The DWH’s answer: silence.

Not because the system was down, or the table was missing. The data was there, technically. But it was wrong. The DWH returned the customers currently in the North region — not the ones that were there in June. Because every night, the loading process overwrote the customer master data with current values, erasing any trace of what came before.

A customer who was in the North region in June and moved to the Central region in September? As far as the DWH was concerned, that customer had always been in the Central region. History didn’t exist.

The project and the original model #

The context was a data warehouse in the insurance sector — claims management and customer portfolio. The source system held a master record for each customer: name, region, assigned agent, risk class, policy type.

The DWH dimension was modeled like this:

CREATE TABLE dim_customer (
    customer_id     NUMBER(10)    NOT NULL,
    name            VARCHAR2(100) NOT NULL,
    region          VARCHAR2(50)  NOT NULL,
    agent           VARCHAR2(100),
    risk_class      VARCHAR2(20),
    policy_type     VARCHAR2(50),
    CONSTRAINT pk_dim_customer PRIMARY KEY (customer_id)
);

The nightly ETL was a simple MERGE : if the customer exists, update all fields; if not, insert.

MERGE INTO dim_customer d
USING stg_customer s ON (d.customer_id = s.customer_id)
WHEN MATCHED THEN UPDATE SET
    d.name        = s.name,
    d.region      = s.region,
    d.agent       = s.agent,
    d.risk_class  = s.risk_class,
    d.policy_type = s.policy_type
WHEN NOT MATCHED THEN INSERT (
    customer_id, name, region, agent, risk_class, policy_type
) VALUES (
    s.customer_id, s.name, s.region, s.agent, s.risk_class, s.policy_type
);

Simple, clean, fast.
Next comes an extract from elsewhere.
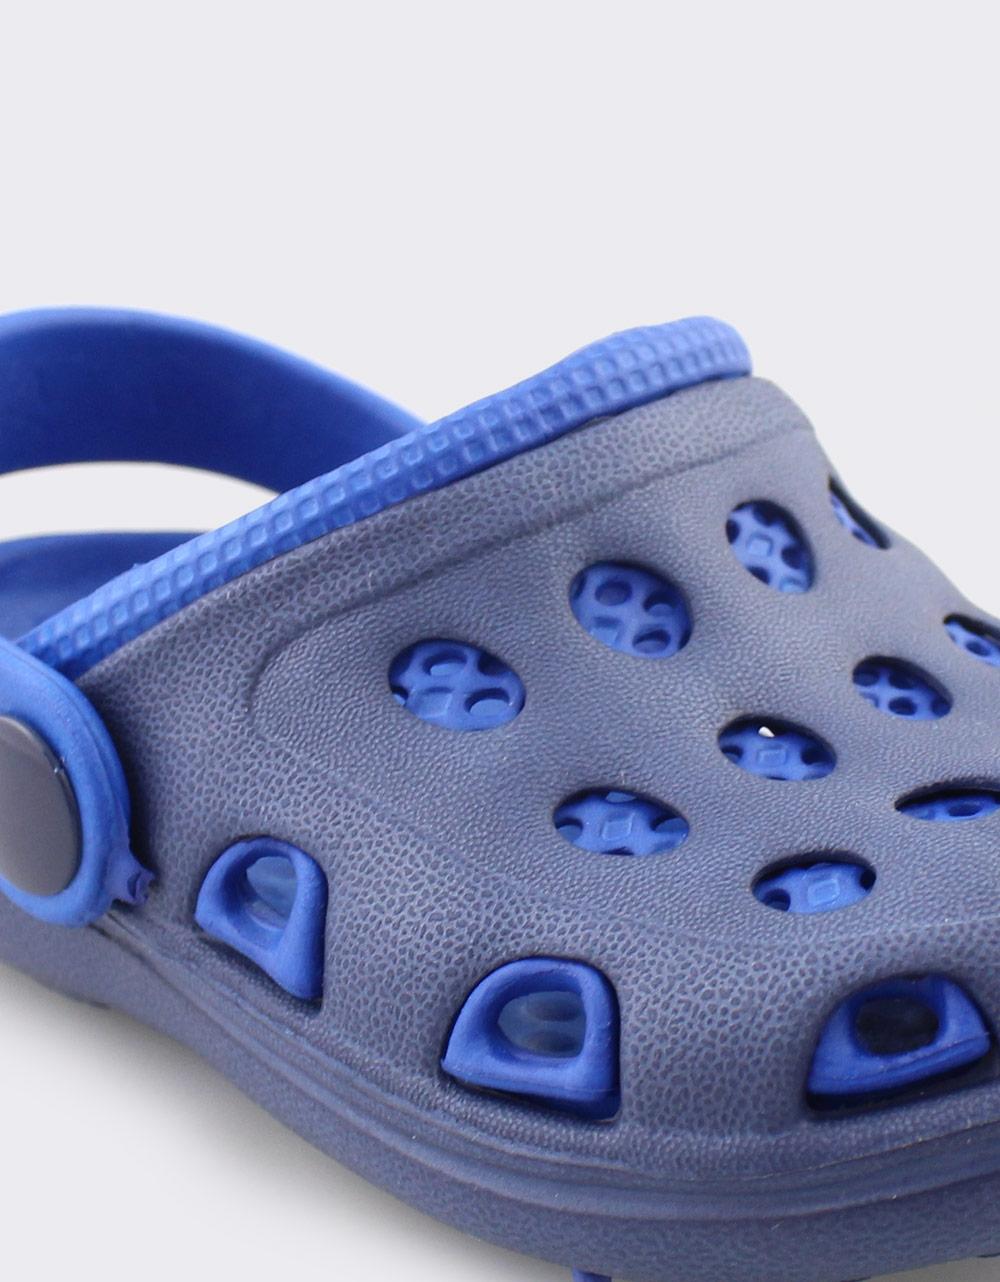 Εικόνα από Παιδικά σαμπό δίχρωμα με λουράκι Μπλε Σκούρο

And completely wrong for a data warehouse.

This is what Kimball calls SCD Type 1 — Slowly Changing Dimension Type 1. Overwrite the old value with the new one. No history, no versioning. The current value erases the previous one.
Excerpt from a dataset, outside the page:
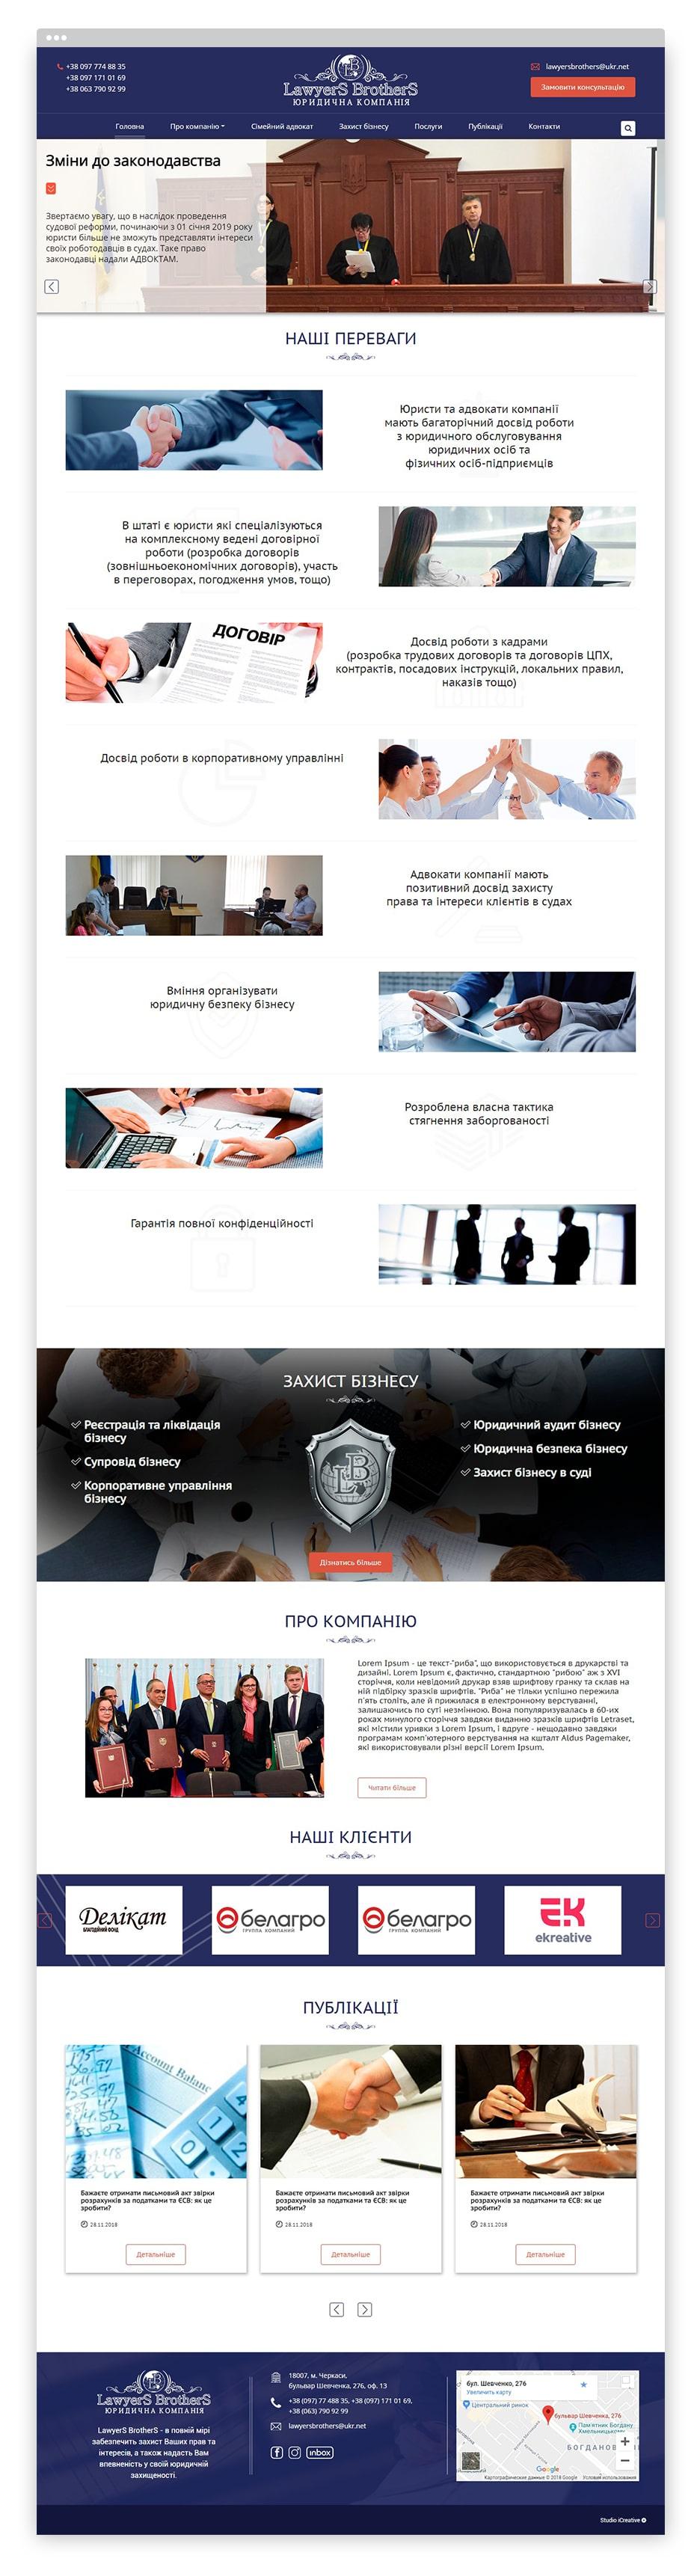 icreative.com.ua_lawyers_brothers_1-min

For an OLTP system it’s perfect: you always want the current address, the updated phone number, the valid email. But a data warehouse isn’t a transactional system. A data warehouse is a time machine. And a time machine that overwrites the past is useless.

What you lose with Type 1 #

The sales director wasn’t the only one asking questions the DWH couldn’t answer. Here’s a sample of requests that piled up over three months:

“How many customers moved from High risk class to Low in the last year?” — Impossible. The previous risk class no longer exists.
“Has agent Rossi lost customers compared to last quarter?” — Impossible. If a customer was reassigned to agent Bianchi, there’s no trace they ever belonged to Rossi.
“Did the South region’s revenue drop or did customers just relocate?” — Impossible to tell. If a 200K customer moved from South to Central, the South region’s revenue drops — but not because business is bad. The customer simply changed address.
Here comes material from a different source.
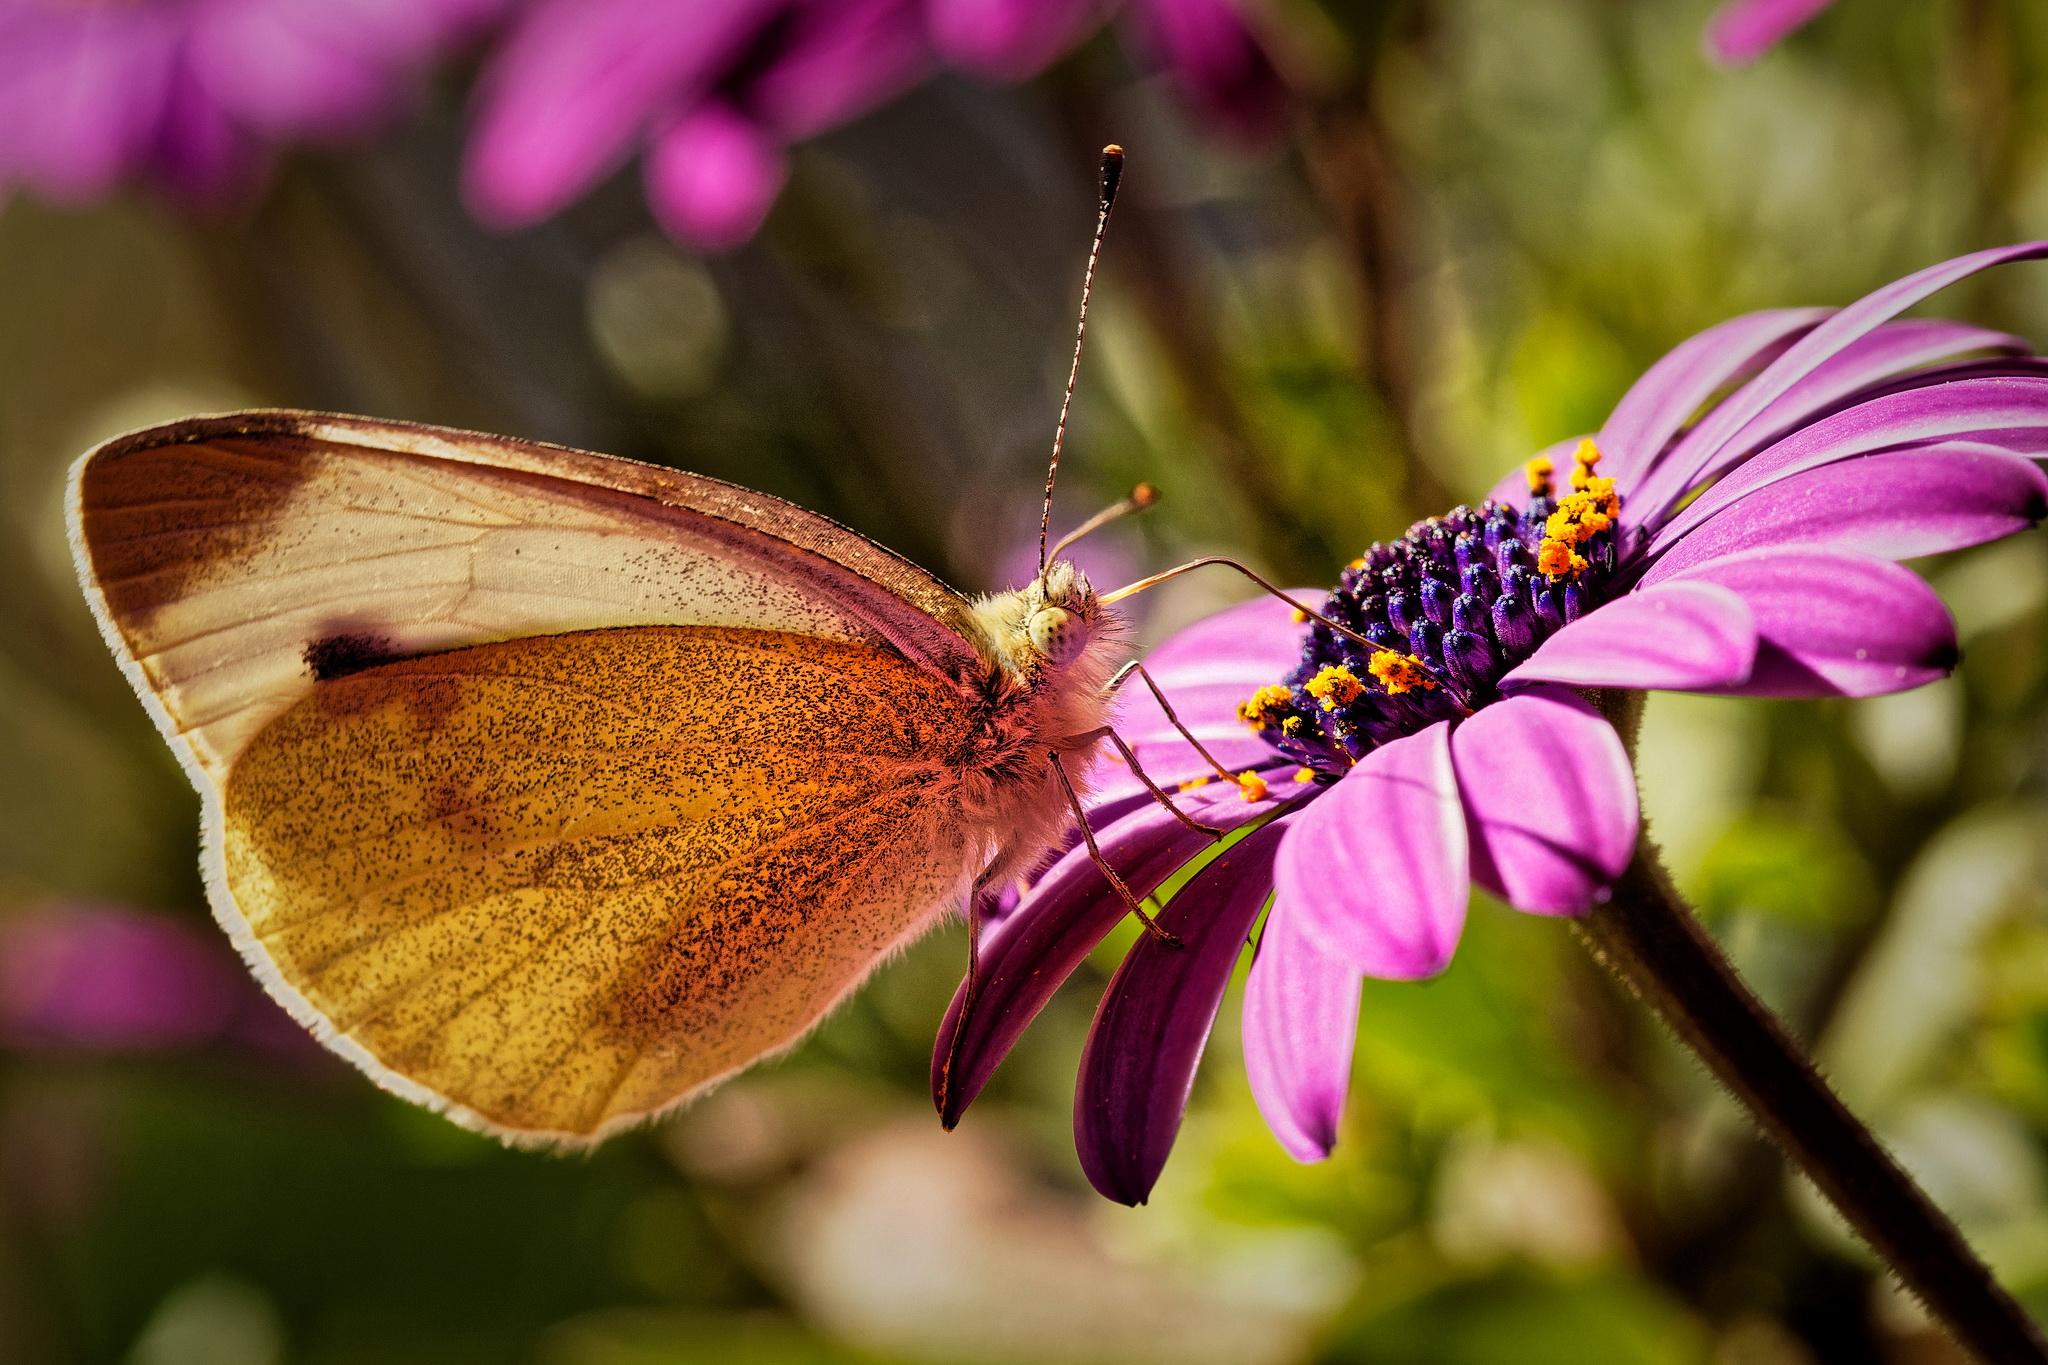 Schmetterling am späten Nachmittag

Every time the answer was the same: “The system doesn’t keep history.” Which in business language means: “We don’t know.”

At some point the CFO requested a quarterly analysis report comparing customer portfolio composition between Q1 and Q2. The BI team tried to build it. It took three days. The result was unreliable because Q1 data no longer existed — it had been overwritten with Q2 data. The report was comparing Q2 with Q2 dressed up as Q1.

That was the moment that triggered the restructuring project.

SCD Type 2: the principle #

Type 2 doesn’t overwrite. It versions.

When an attribute changes, the current record is closed — it gets an end validity date — and a new record is inserted with the updated values and a new start validity date. The old record stays in the database, intact, with all the values it had when it was current.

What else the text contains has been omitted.